There’s a moment every customs broker knows. A shipment is sitting at the port. A six-digit code is in dispute. And the difference between a clean release and a five-figure penalty comes down to a single distinction the product description never bothered to spell out: was the yarn single or folded? Was the truck 6 tonnes or 7? Was the fish fresh, chilled, or frozen?

Harmonized System classification is one of the most quietly brutal jobs in global trade. Over five thousand subheadings. Hairline splits between “knitted” and “woven,” between a finished article and a part of one, between a battery-electric car and a plug-in hybrid. The logic is beautiful – and unforgiving. Get it right and nobody notices. Get it wrong and it follows your company around for years, in the form of reassessments, audits, and a compliance file with your name on it.

That single, non-negotiable fact shapes everything we build: in tariff classification, there is no acceptable error rate. Not 5%. Not 1%. Not 0.1%. We don’t treat HS classification as a clever feature. We treat it as a compliance obligation, and we comply with it seriously.

So when it came time to tell you what our engine can actually do, we refused to write a brochure. We built a courtroom instead. We took the answer key away, removed every human from the loop, and let the raw AI classify 7,344 real products entirely on its own. Then we graded it, line by line, against the actual HS-2022 nomenclature.

This article is the honest verdict.

Download the internal HS Hint Classification Audit Report.

Enter your details, and we will email you the report.

First, be precise about what you’re looking at

TariffWolf lives where your trade team already works: the spreadsheet. The toolkit ships as four spreadsheet formulas, and this audit is about exactly one of them – =TWHSHINT.
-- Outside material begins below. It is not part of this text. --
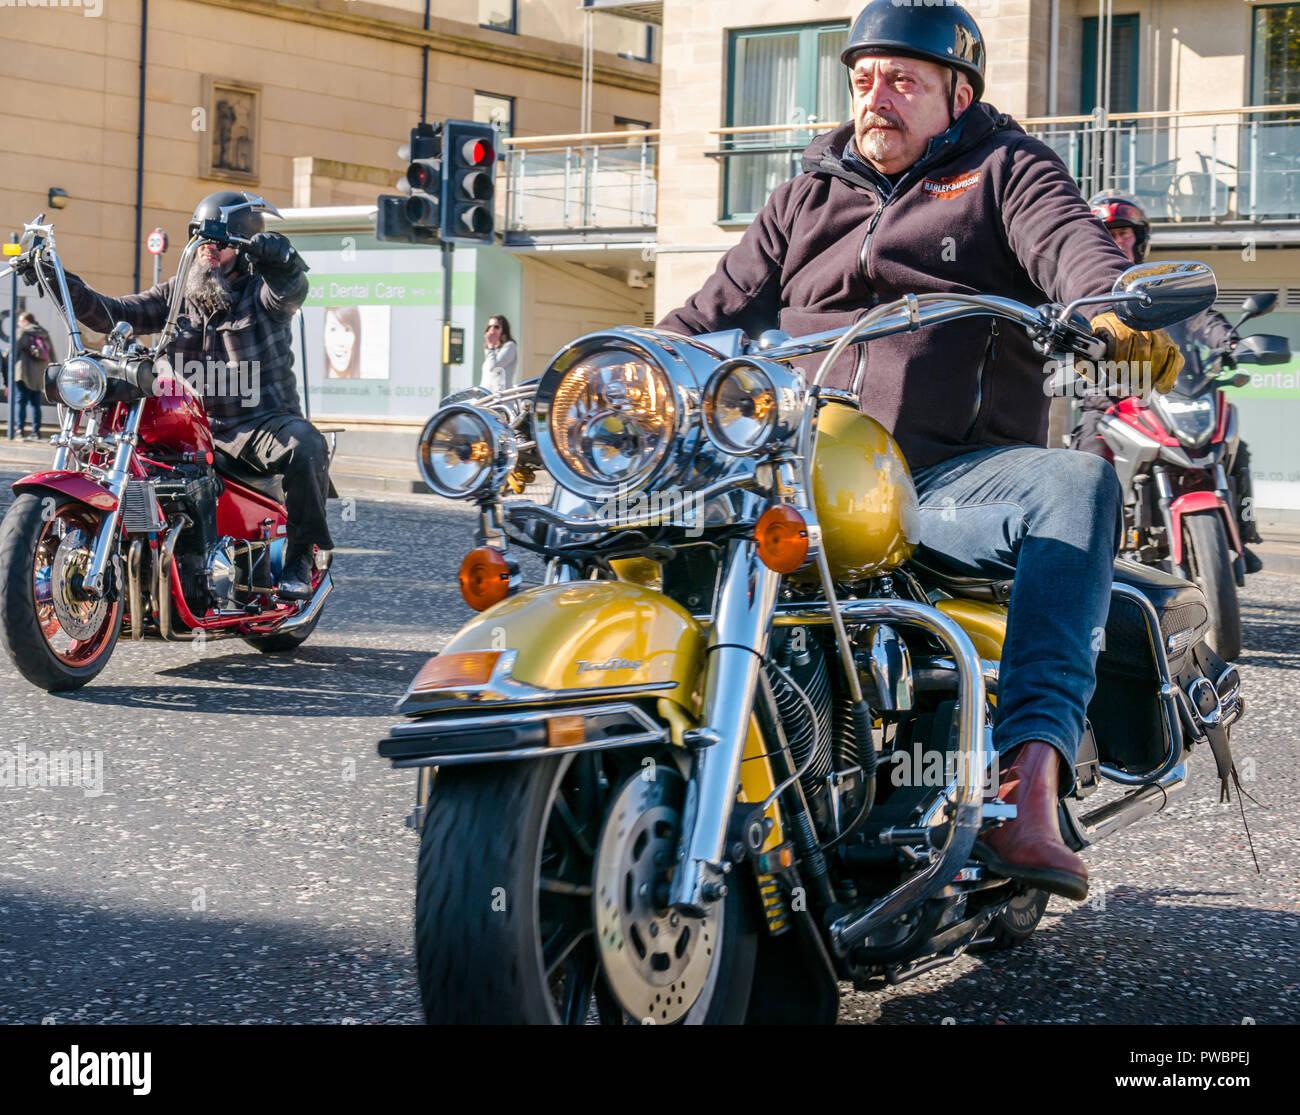 Scotland Voiture Moto Autocollant Sautoir Drapeau Glasgow Edinburgh Dundee Perth

The name is doing honest work. It returns a Hint: a tight, ranked shortlist of candidate HS-2022 codes for a product, generated entirely by AI from the title and description. Not a verdict. Not a stamped declaration. A hint – the codes most likely to be correct, so a classifier never starts from an empty cell. Read every figure below through that lens. We are stress-testing the quality of a hint, alone, with nothing and no one assisting it.
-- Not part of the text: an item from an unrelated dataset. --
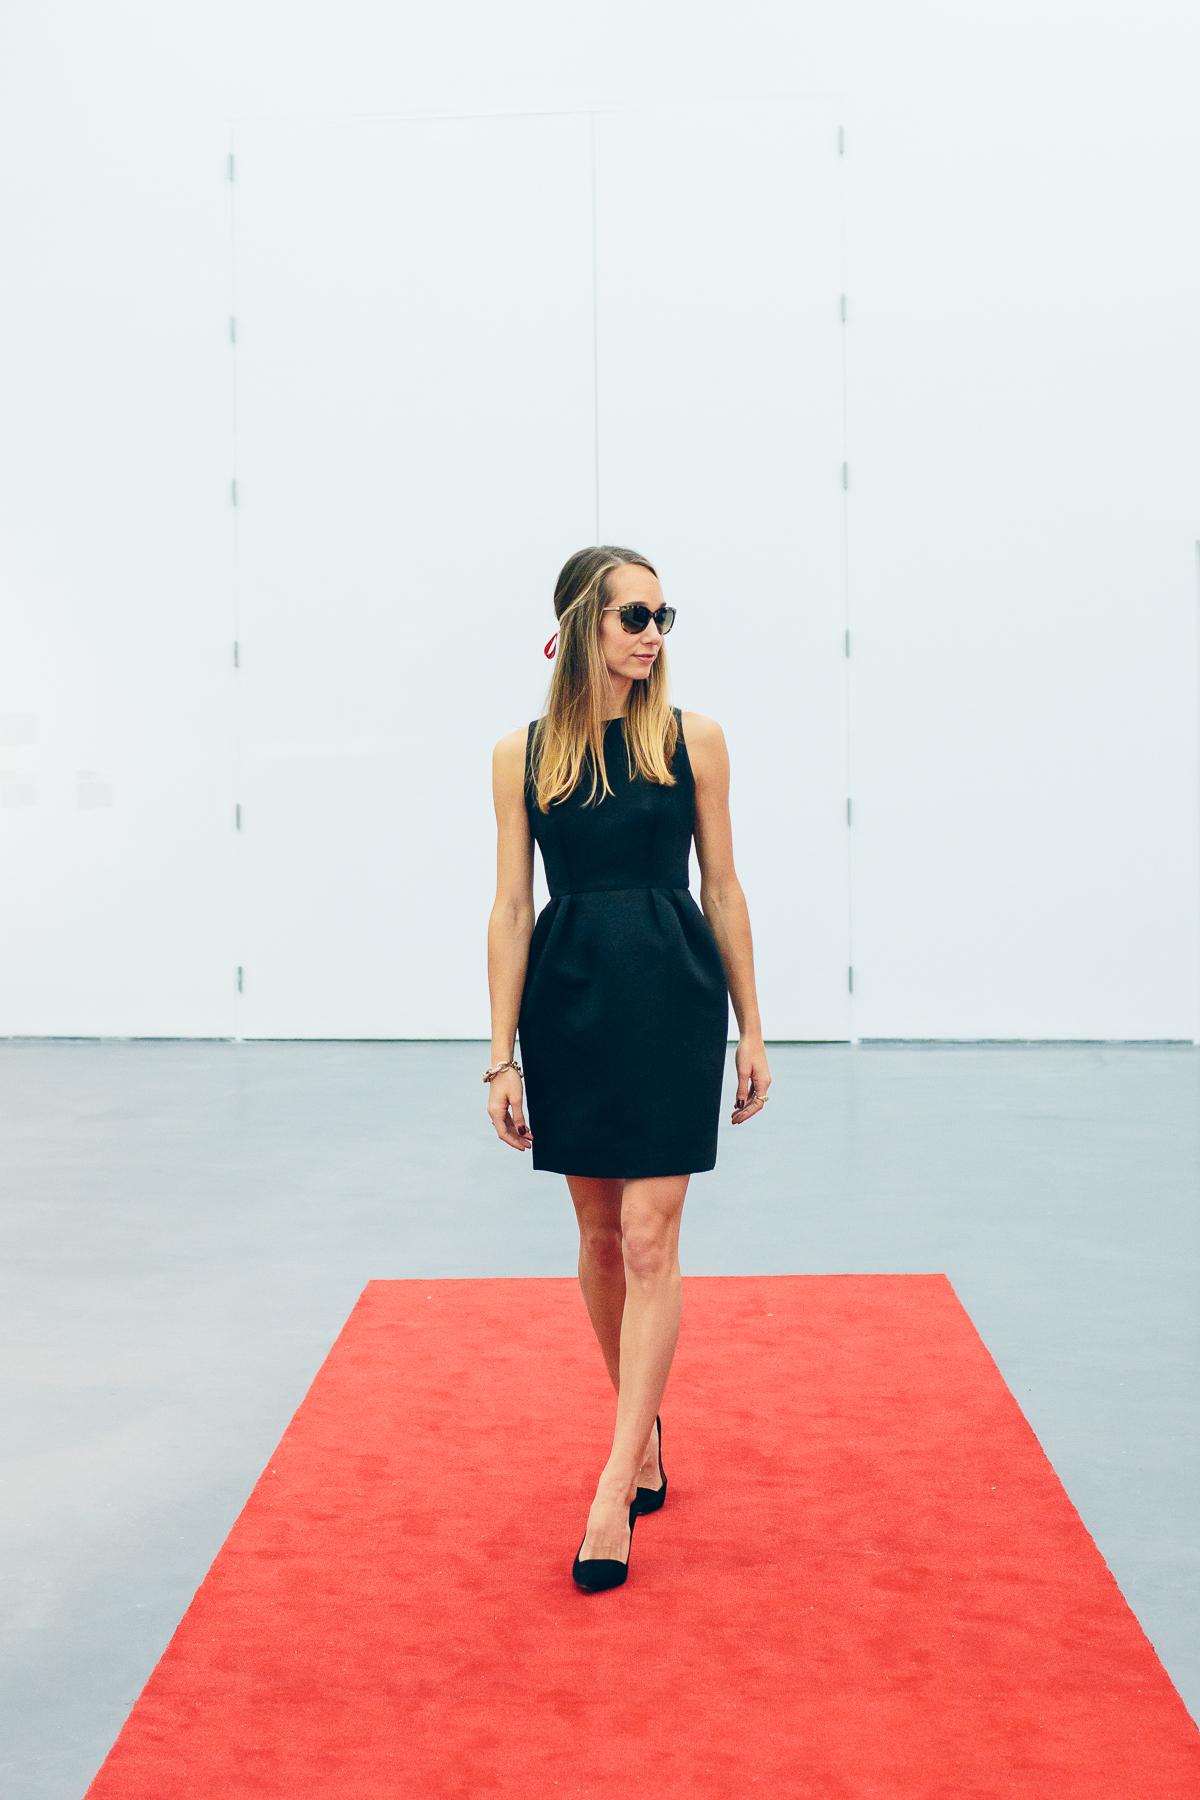 Kate Spade New York Sunglasses & Dress —via @TheFoxandShe

We took the human out of the loop on purpose

The rules we set ourselves were deliberately merciless:

7,344 real product lines, spanning all 21 HS Sections and 96 chapters – from a live breeding stallion to a battery-electric truck.
Zero human intervention. No analyst reviewed, nudged, or corrected the engine. What you’re scoring is the raw, unassisted output of =TWHSHINT.
No answer key. Every line was independently re-classified to the full six-digit level under the General Interpretative Rules (GRI 1–6), and only then compared with what the AI had proposed.
Total enumeration, not a flattering sample – 100% of the qualifying population, so no easy categories got cherry-picked and no average had anywhere to hide.

This is as close as an audit gets to watching the machine think with its hands tied behind its back.

The raw score

Metric	Result
Correct HS-6 code in the hint’s shortlist	98.4% (7,223 / 7,344)
Correct code ranked first	81.1%
Right four-digit heading and two-digit chapter	100%
Deleted / invalid HS-2022 codes emitted	0
Genuine misses	121 (1.6%)

The correct six-digit code sat in the hint 98.4% of the time, and it was the very first candidate in roughly four of every five cases. Every single one of the 7,344 lines landed in the correct heading and chapter. And across the entire run, the engine never once reached for a retired, pre-2022, or otherwise invalid code.

But the most revealing result isn’t in the table. When the engine did miss, it missed by one neighbouring subheading inside the correct heading – never by wandering off and filing a refrigerator under livestock. That containment is the whole game.

How it actually thinks (this is the part that matters)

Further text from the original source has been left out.